Então este era Vaccarello de volta, com ternos de três botões, corte quadrado e um pouco desconfortável como os usados pelo próprio Yves Saint Laurent nos anos 90, com calças altas que ele chamou de “muito Jacques Chirac” em homenagem aos ternos deselegantes do presidente francês na década de 1990. “Estilo papai.” Nunca se diga que Vaccarello não tem senso de humor. Os ternos eram fechados com botões adornados com joias, em parte inspirados por uma integrante do conjunto Saint Laurent, a modelo e aficionada por design Tina Chow, que certa vez cortou um brinco em um botão como um broche pouco convencional. Os Vaccarello foram inspirados nesse gesto – e talvez também nas caixas de elaborados botões de joias cerimoniosamente apresentadas a Saint Laurent, com as quais decoram cada coleção e que são preservadas, como que em formol, no Museu Yves Saint Laurent. O desfile terminou aqui com um sobretudo, uma das contribuições mais significativas da Saint Laurent para o guarda-roupa da mulher moderna. Foi feito em folha de ouro brilhante, como um ícone religioso.
Porém, Vaccarello não se limita ao impressionante patrimônio. Ele não trabalha para um museu, nem num museu, mesmo que exponha numa galeria de arte. Ele entende suas referências profundamente o suficiente para desafiá-las. Voltemos aqui para esticar – um reflexo, claro, do fato de que em 1966 Saint Laurent foi o primeiro com sua blusa transparente épater la burguesia. Porém, quando Vaccarello mostrou modelos sem fundo em shorts e alfaiataria, não foi tanto uma referência a isso, mas à mercantilização moderna da geração sexual, à abertura da nova geração sexual. “Eles estão todos no OnlyFans”, riu Vaccarello. “Vendendo os pés.” Esta foi uma homenagem inteligente aos sapatos da coleção, sapatos masculinos esculpidos hiperclássicos feitos de cloreto de polivinila transparente. “Eu gosto do ideia de pés descalços”, disse Vaccarello. “Mas não é chique.”

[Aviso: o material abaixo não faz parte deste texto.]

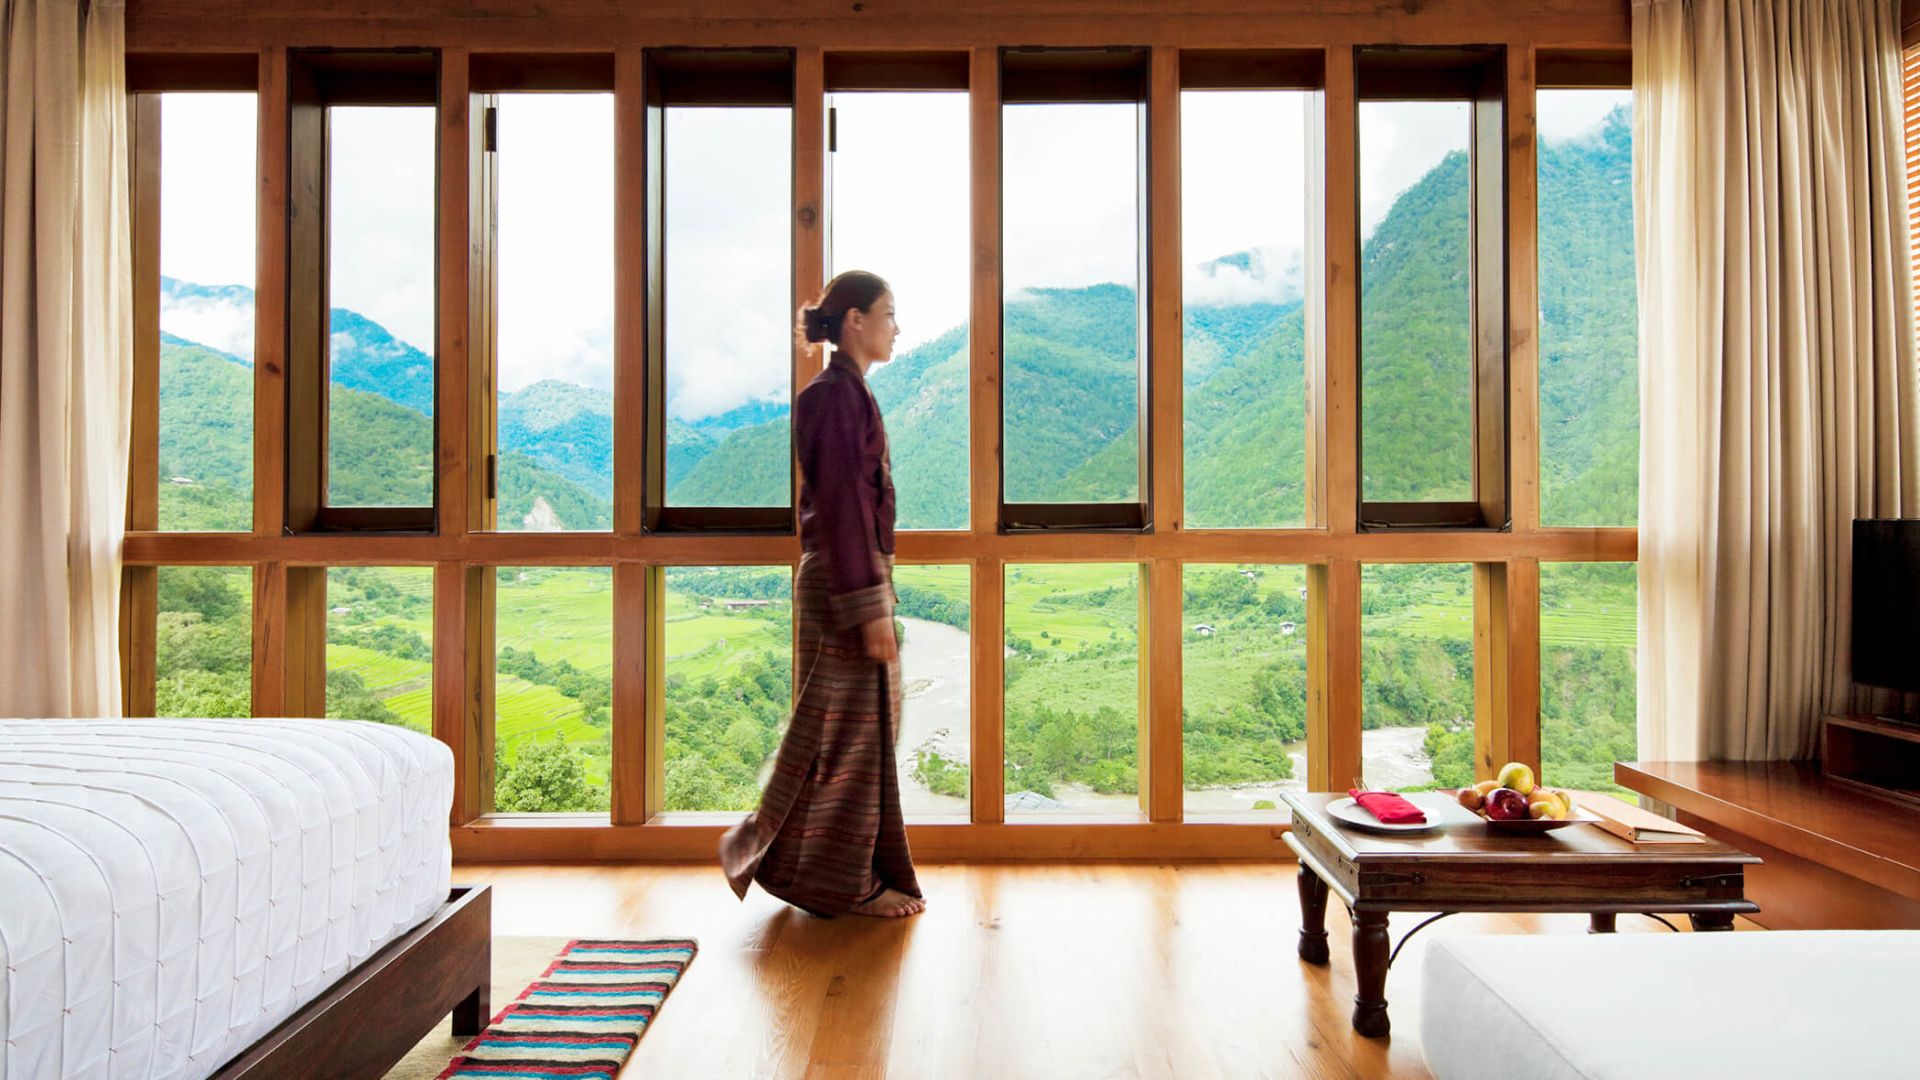 Valley View Room overlooking the Mo Chhu River - Image

Chic pode ser um conceito paralisante, um conceito de bom gosto tão rígido e contraditório que se calcifica, sufocando todo o crescimento. “É mais chique quando há um erro”, disse Vaccarello, sobre os botões errados, as proporções ligeiramente estranhas, as peças tecnológicas quebradas. É uma heresia no mundo de Saint Laurent, de perfeição absoluta, modelos à mostra com lábios vermelhos e coques imaculados antes mesmo de Monsieur colocar os olhos neles. Mas Vaccarello também percebeu que algumas de suas misturas mais audaciosas – como os blusões de náilon ou de seda e cetim junto com a alfaiataria – eram o que Saint Laurent faria se estivesse vivo hoje, sob a influência do mundo moderno. “Saint Laurent foi o primeiro a usar estereótipos de roupas”, disse ele, citando o casaco e Saharienne como uma mudança do cotidiano para a alta costura exaltada. “Hoje ele seria inspirado pelos esportes.”
Esses foram os elementos que atravessam as nuvens de fumaça barata do mercado de ações. E embora fossem comerciais, claro, nunca parece que esse seja o impulso do Saint Laurent de Vaccarello. Depois de uma década, ele ocupa seu papel de líder da Câmara por mais tempo do que qualquer antecessor, exceto o próprio fundador. Vaccarello não fez isso sozinho. Em vez disso, ele fez algo muito mais inteligente e muito mais difícil, conseguindo dançar entre, possivelmente, a herança mais difícil da moda do século XX e os seus próprios impulsos decididamente contemporâneos. Vaccarello serve literalmente a dois senhores – Saint Laurent e ele mesmo. Não pode haver melhor serviço para um legado do que esse.